Steiner demonstrated this by bringing a second bottle of wine to accompany the Iberico Pork Char Siu course. Although it was magnificent with the original Cabernet Sauvignon Napa Valley Spottswoode 2012, which brought out the savory, salty notes and fine texture of the pork, it took it to a high level with a Weingut Brundlmayer 2018 Gruner Veltliner from Kamptal, Austria. Steiner explained that Austria is the biggest pork consumer of any EU country, and their signature grape variety, Gruner Veltliner, with its complex spicy notes, pairs beautifully with many pork dishes.

Two wine collections at Eight Tables Restaurant

Huit Tables actually has two wine collections. The first is evident upon entering the restaurant, as a large display case filled with bottles of rare wine stands on the left side of the lounge. The second collection is hidden in a closed wine cellar at a temperature closer to the kitchen. It includes more recent wines, including most of the wines served in the food/wine pairing.

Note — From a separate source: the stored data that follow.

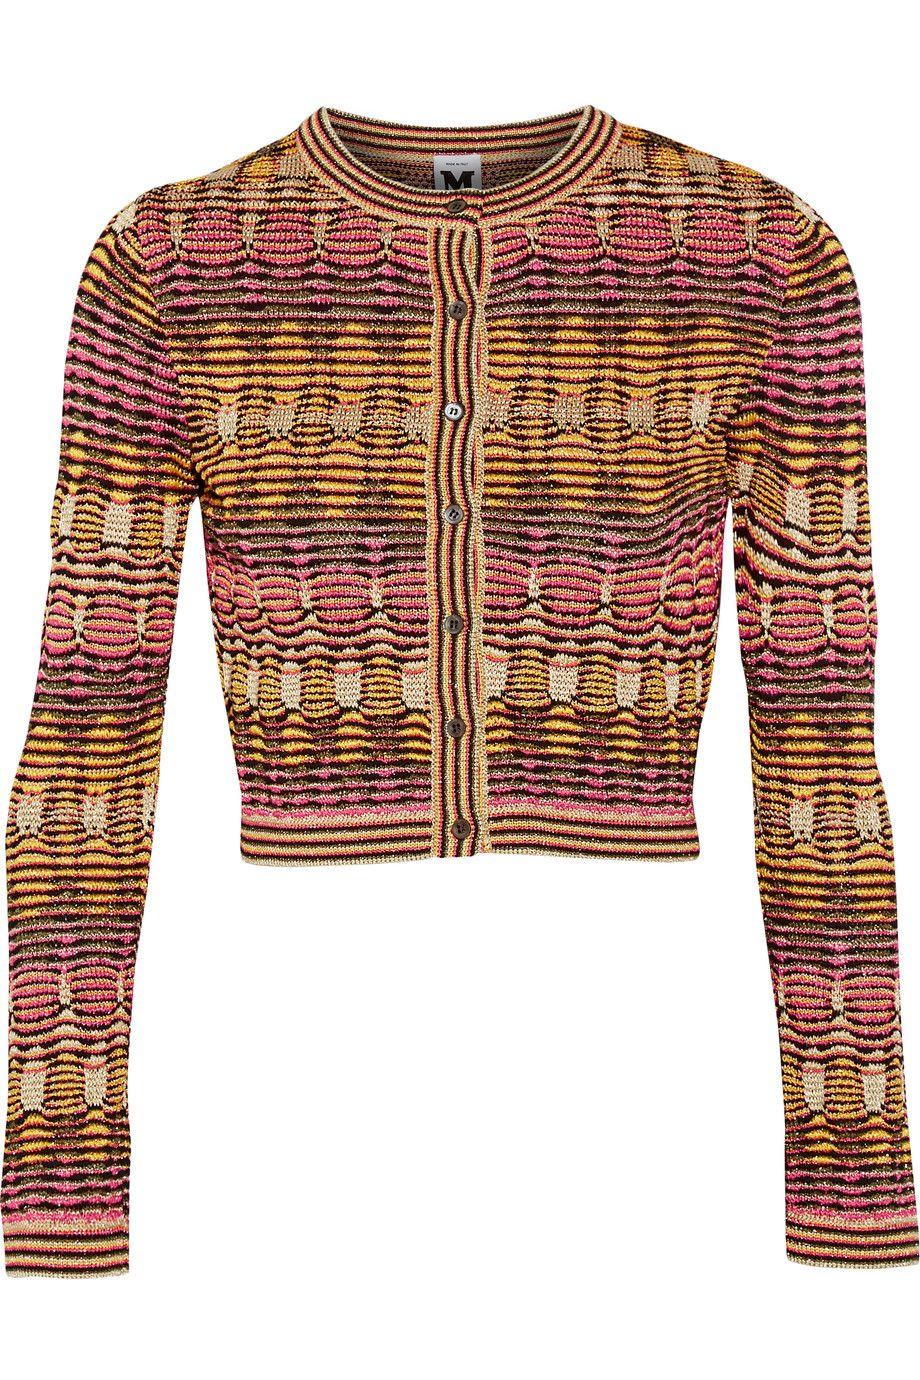 2395f5de867963 M MISSONI Cropped Metallic Crochet-Knit Cardigan. #mmissoni #cloth #cardigan
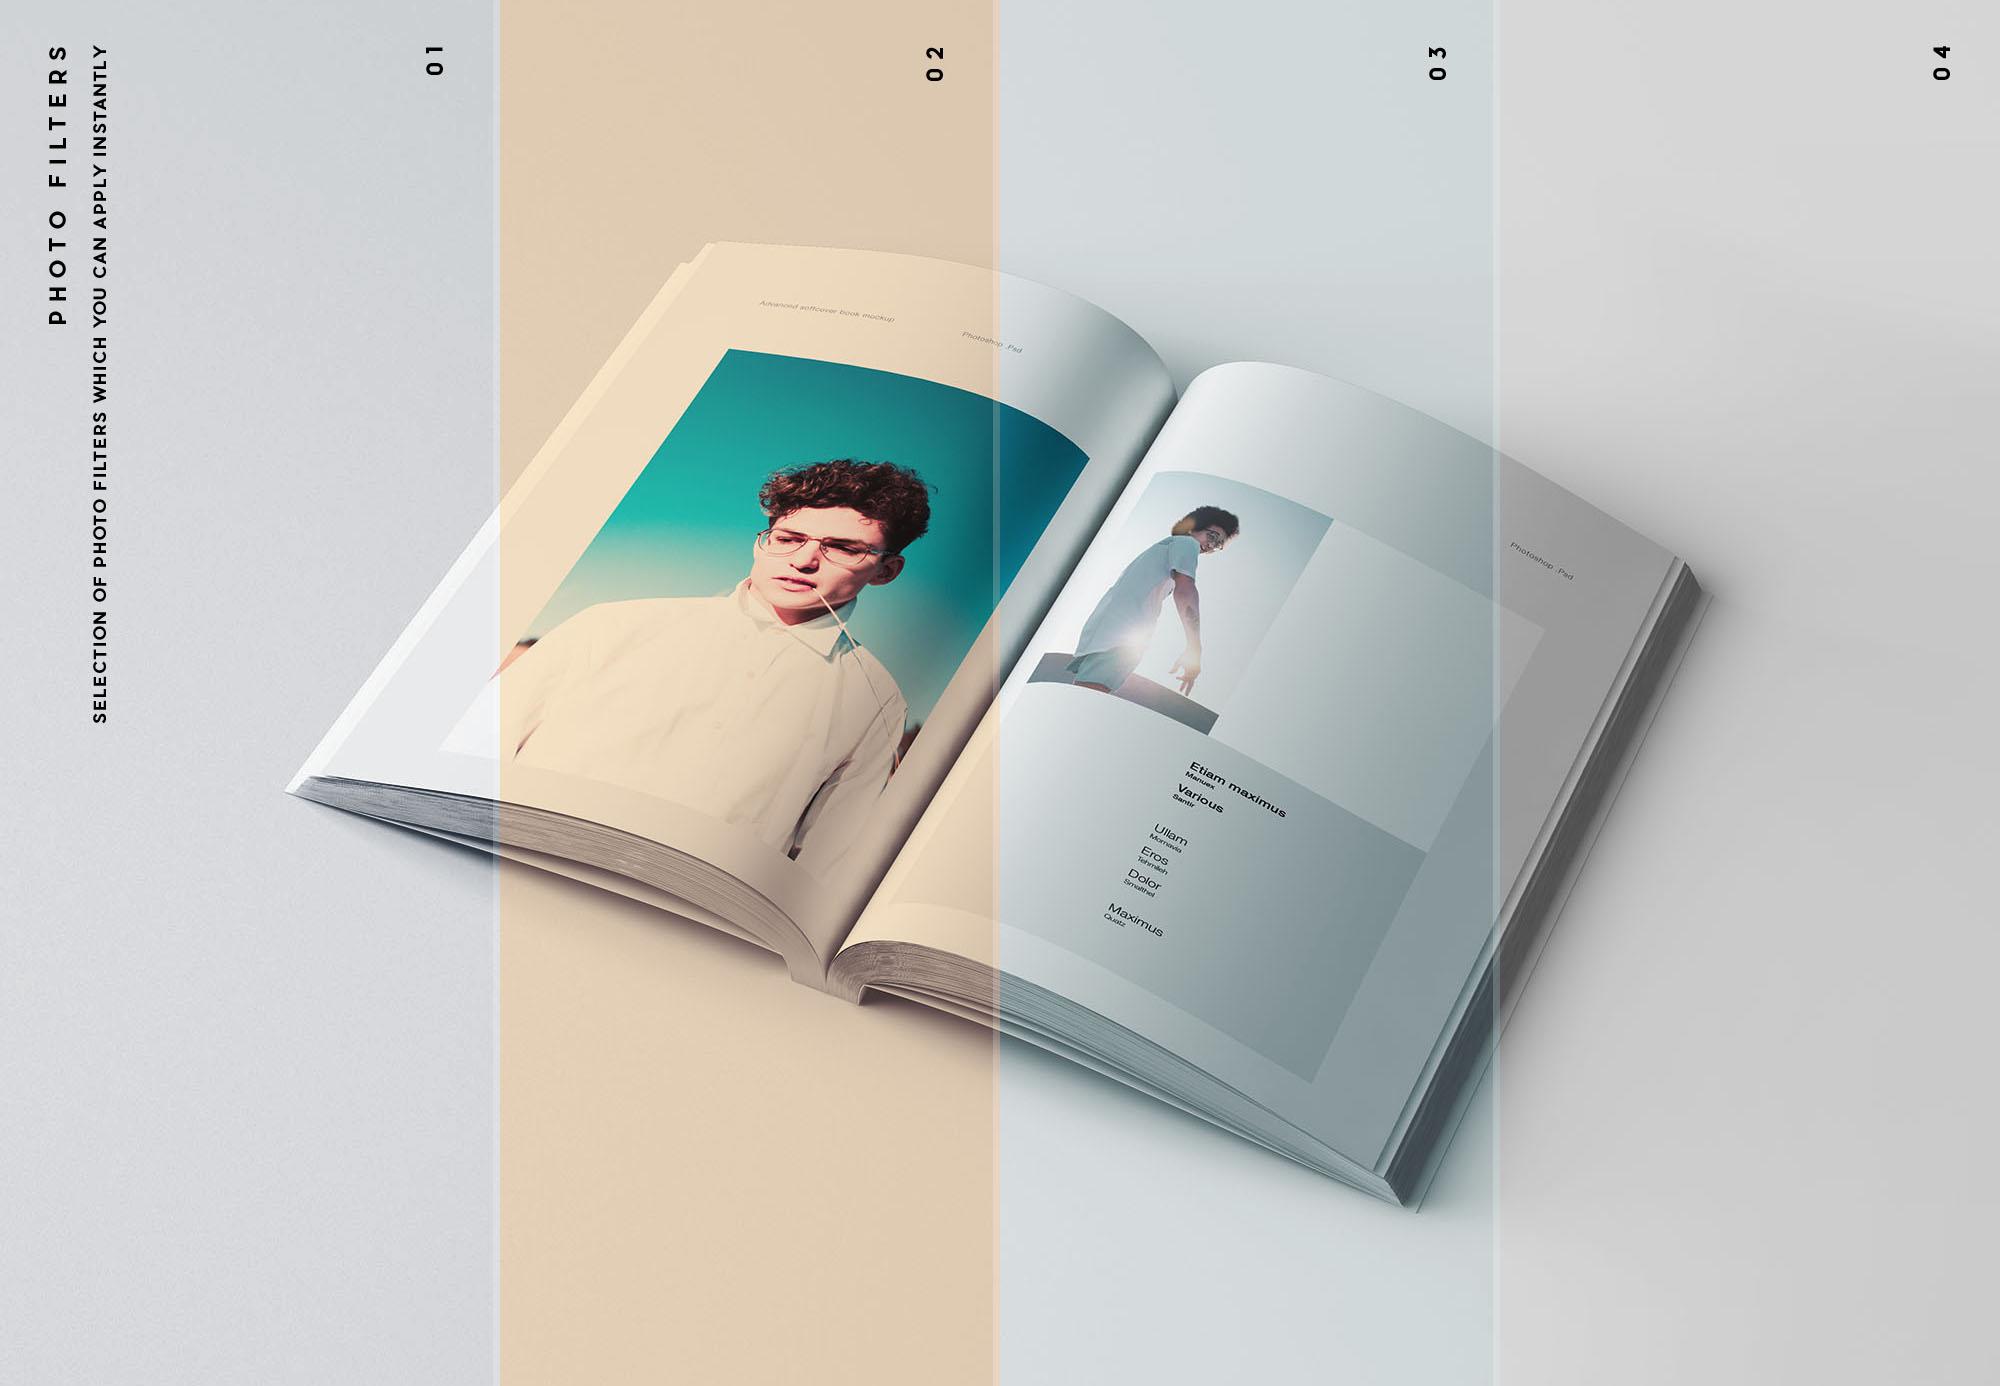 专业设计的A5平装书画册样机PSD模板 A5 Softcover Book Mockup插图(7)
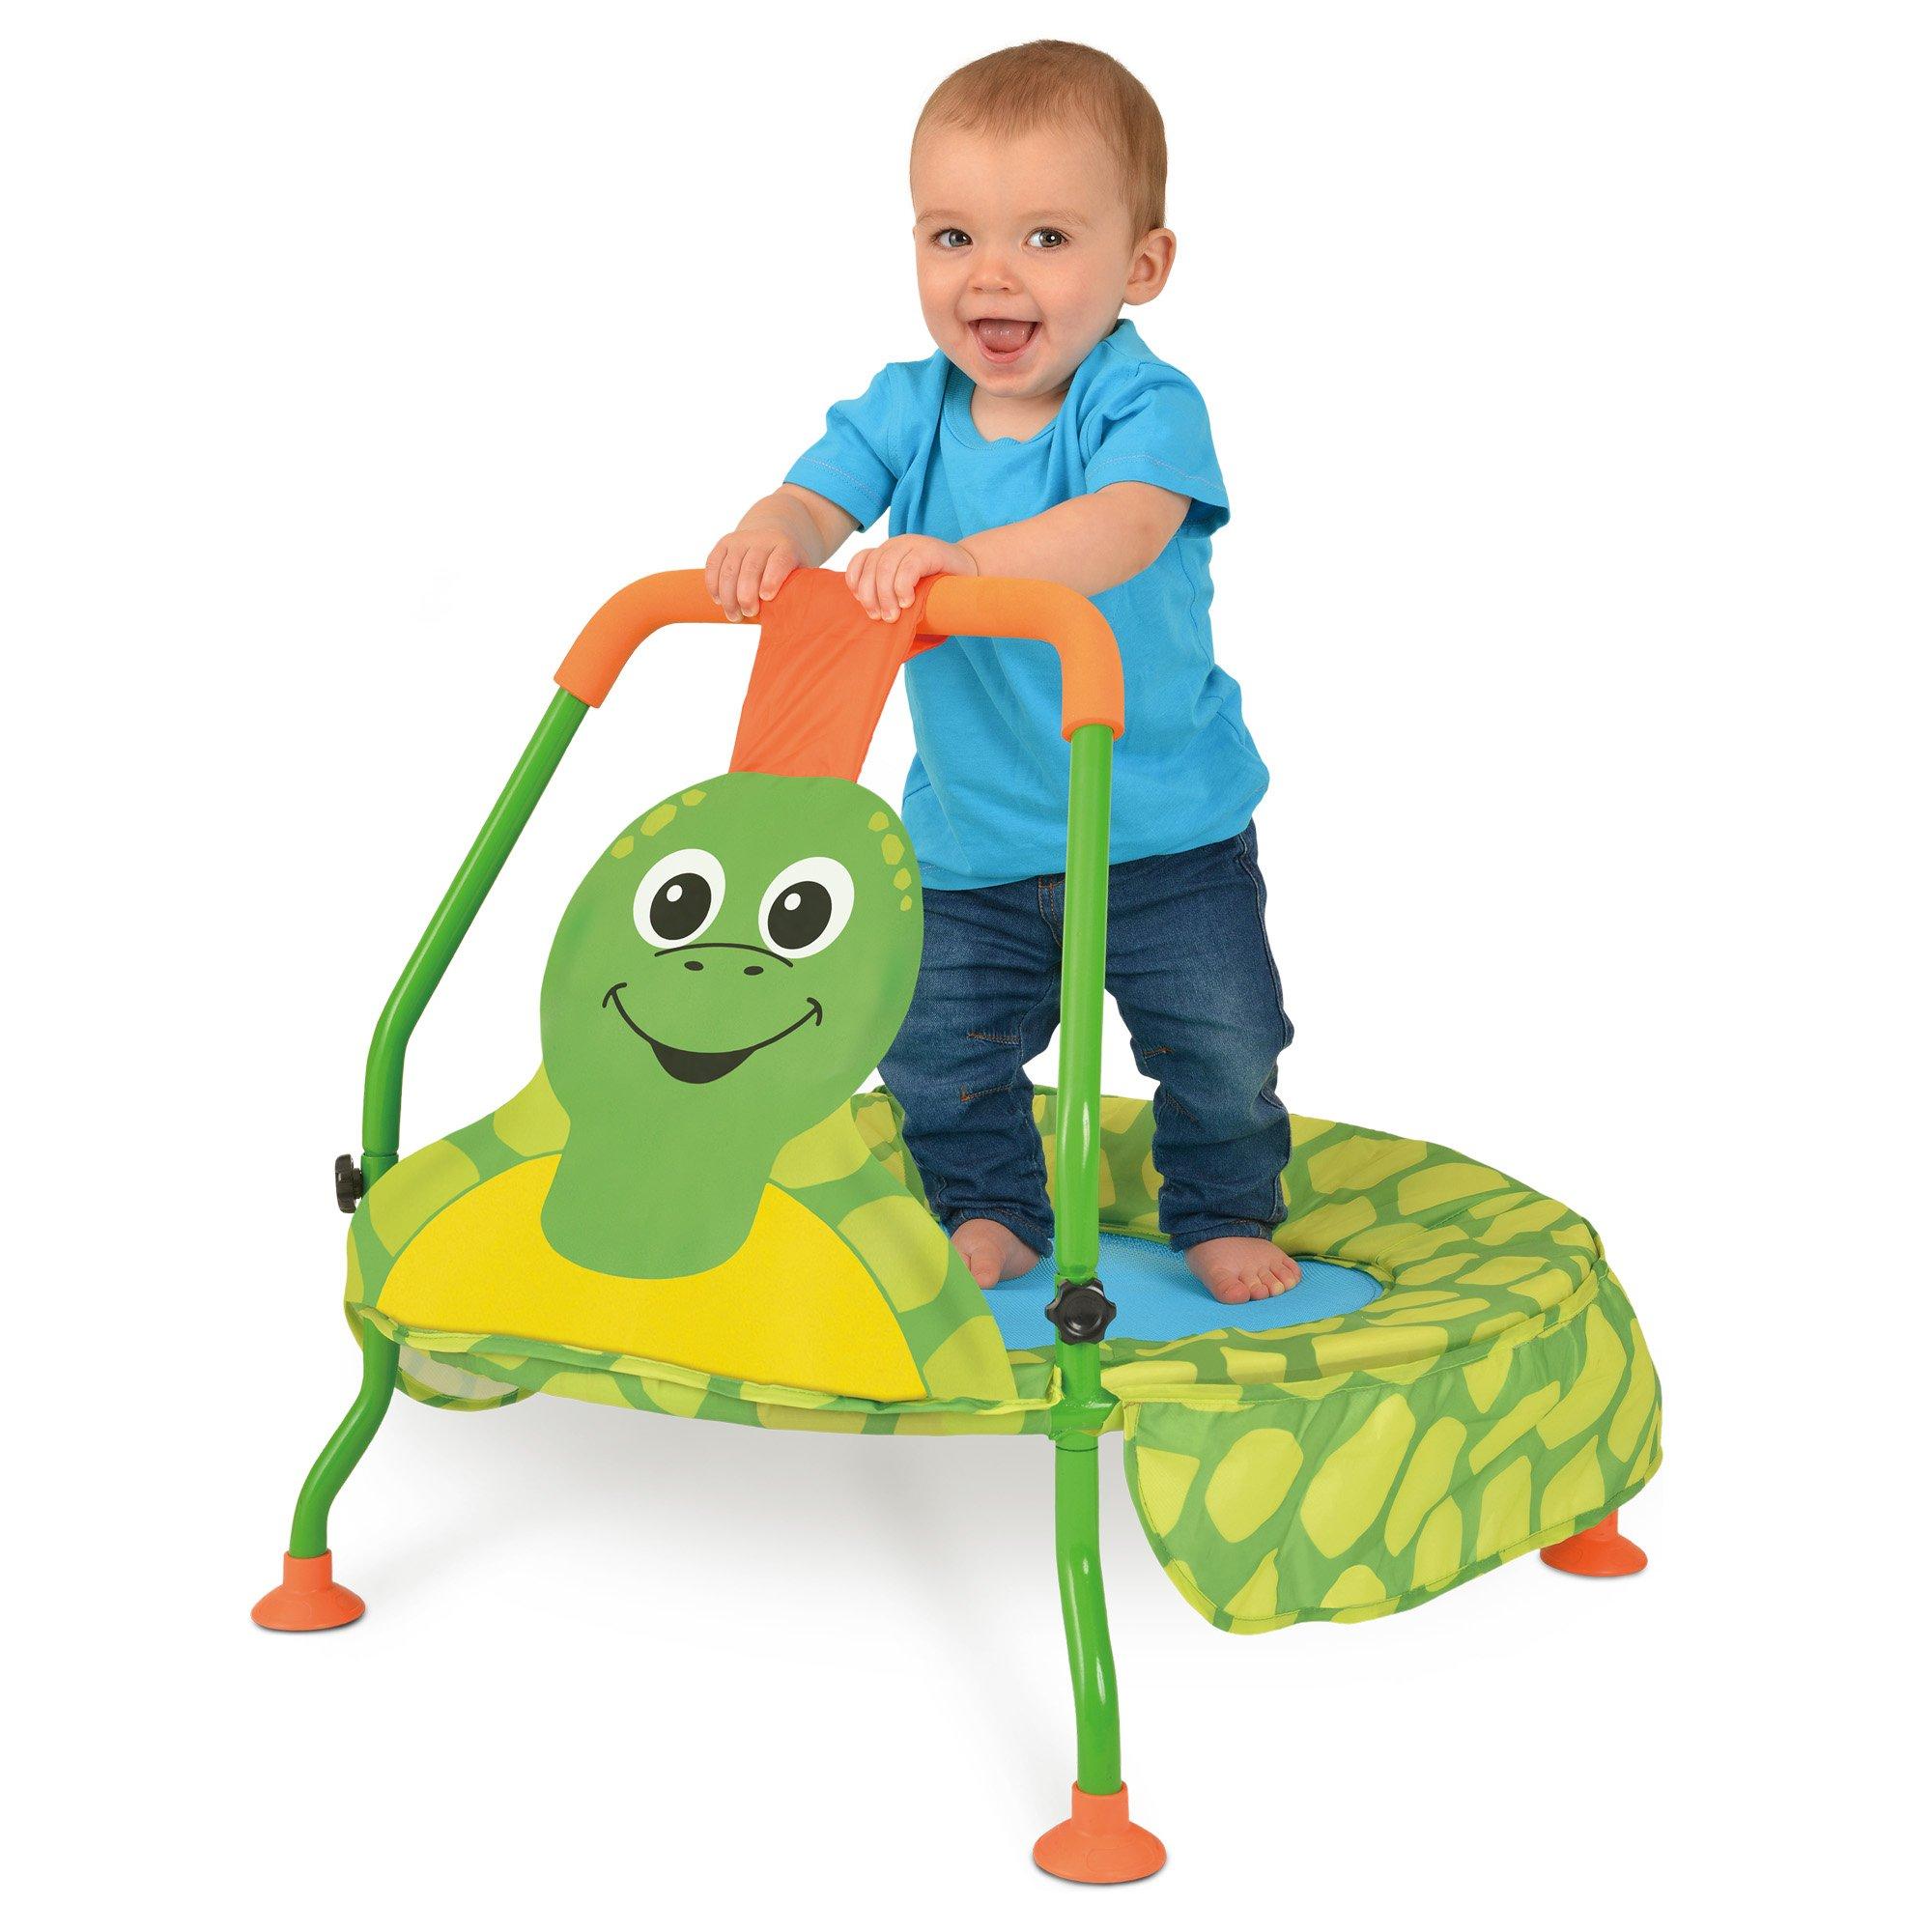 Galt Toys Trampolín Infantil (1004471): Amazon.es: Juguetes y juegos

“The rare wines were mostly my collections going back to the early 80s,” says Chen. “At first, we didn’t have the budget to buy old library wines, so a few collector investors and I helped bring some wines on consignment. From now on, all the wines belong to the restaurant. Some highlights are 47 Cheval Blanc, older vintages like 45 1er Cru Classé and DRC. We also have all the CA Cults. I love CA wines from the 70s which with less alcohol and extraction…guess why Napa won the judging in Paris.

Prices on the wine list range from $50 per 750ml bottle for a Nieport, Rotulo, Dao, Portugal 2015 to $50,000 for the Chateau Cheval Blanc, Saint-Emilion 1947. Other high-priced jewelry includes $28,000 for a Romanée Conti, Grand Cru, Domaine de la Romanée Conti 1969 and $9,500 for Howling Eagle, Napa Valley 2018. There are also 20 wines by the glass, as well as a wide selection of sake, whiskey and tea. The corkage fee is $75 per bottle.

Chen concludes with the wisdom of a chef who has worked over 30 years in the restaurant industry and owns many classic wines. “I like older wines because they’re just more interesting…these wines are alive and tasting history is one of life’s great pleasures.” Close your eyes and have a bite and then a drink, if that makes you smile… you have a good game.

Here is a short video of the entrance to the eight tables aisle and some of the eight courses. Produced by Chelsea Canell for Destination California.

Chelsea Canell presents Eight Tables by George Chen in Destination California!